The academic evaluation of the project data is currently underway (2017), led by the project’s Principal Investigator, Professor Yaron Matras, with the participation of a group of international leading researchers in Kurdish linguistics.

Phonological Variation in Kurdish

Kurdish is often portrayed as a linguistic unity, but an examination of phonological structures in the language reveals substantial internal variation. In this study, we examine the geographic distribution of vowels and consonants in the phonological inventories of 125 Northern Kurdish (Kurmanji) and Central Kurdish (Sorani) varieties in the Database of Kurdish Dialects, and their patterning in individual words from all of these data sets. The data reveal a stable set of core vowels and consonants, along with peripheral phonemes of both types that demonstrate a high level of variation in geographic distribution and frequency. Segments with significant distributional restrictions include front rounded vowels, uvular consonants, a contrastive aspirated stop series, emphatic alveolar obstruents, and pharyngeals ʕ and ħ. An analysis of these patterns gives modest confirmation of the well-known Northern vs. Central Kurdish dialect division, but shows that the phonological distinction between the two is best characterized in terms of tendencies rather than exact, regular correspondences. Beyond many other individual isoglosses in the data that cross-cut one another, there is a weak pattern of transition between the two major dialect areas; limited diffusion of phonological innovations to varieties at the geographic periphery of the language; and more direct influence of language contact on the phonological structures in certain regions. Alongside these various configurations of areal distribution, and in contrast to them, there is a strong, overarching pattern of non-directional phonological variability among varieties, which points to the local nature of phonological changes across the language area.

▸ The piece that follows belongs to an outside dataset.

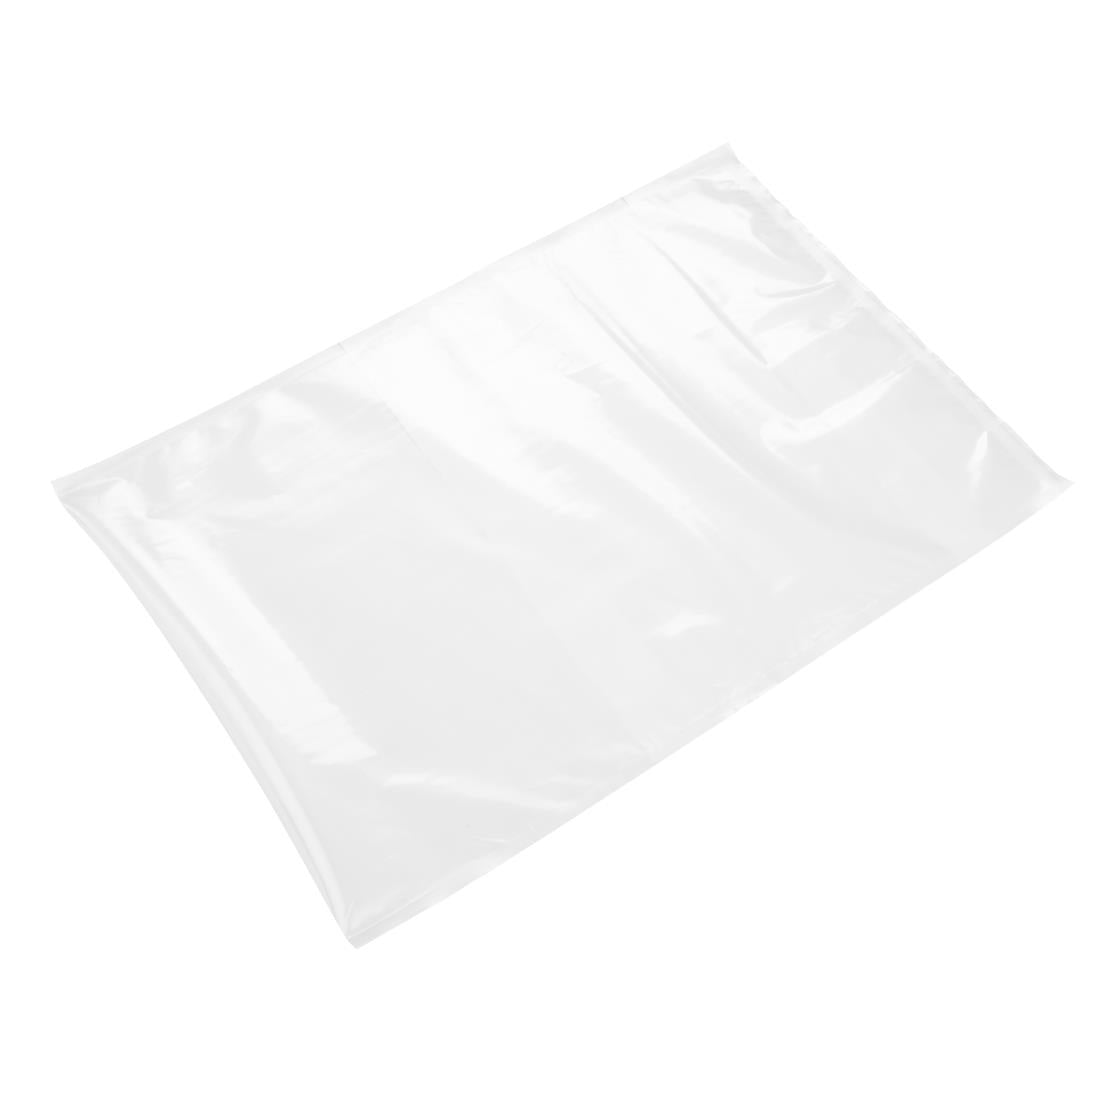 CU399 Vogue Chamber Vacuum Pack Bags 400x600mm (Pack of 50)

WOWA — Word Order in Western Asia

The focus on Western Asia is motivated by an overarching research interest in the areal diffusion of word order regularities; specifically, we investigate the respective impact of inheritance (the genetic affiliation of the languages concerned, e.g. Turkic, Semitic, etc.) and the impact of neighbouring languages, related or not, in shaping word order in usage. In addition, we address the issue of which aspects of word order are stable within a particular doculect, and which display corpus-internal variability.

More generally, this is connected to the issue of integrating variation into typology. Finally, WOWA is the only cross-linguistic data-base of its type that includes exclusively spoken language, and thus provides an important corrective to much ongoing work in corpus-based typology, which is still largely based on written language.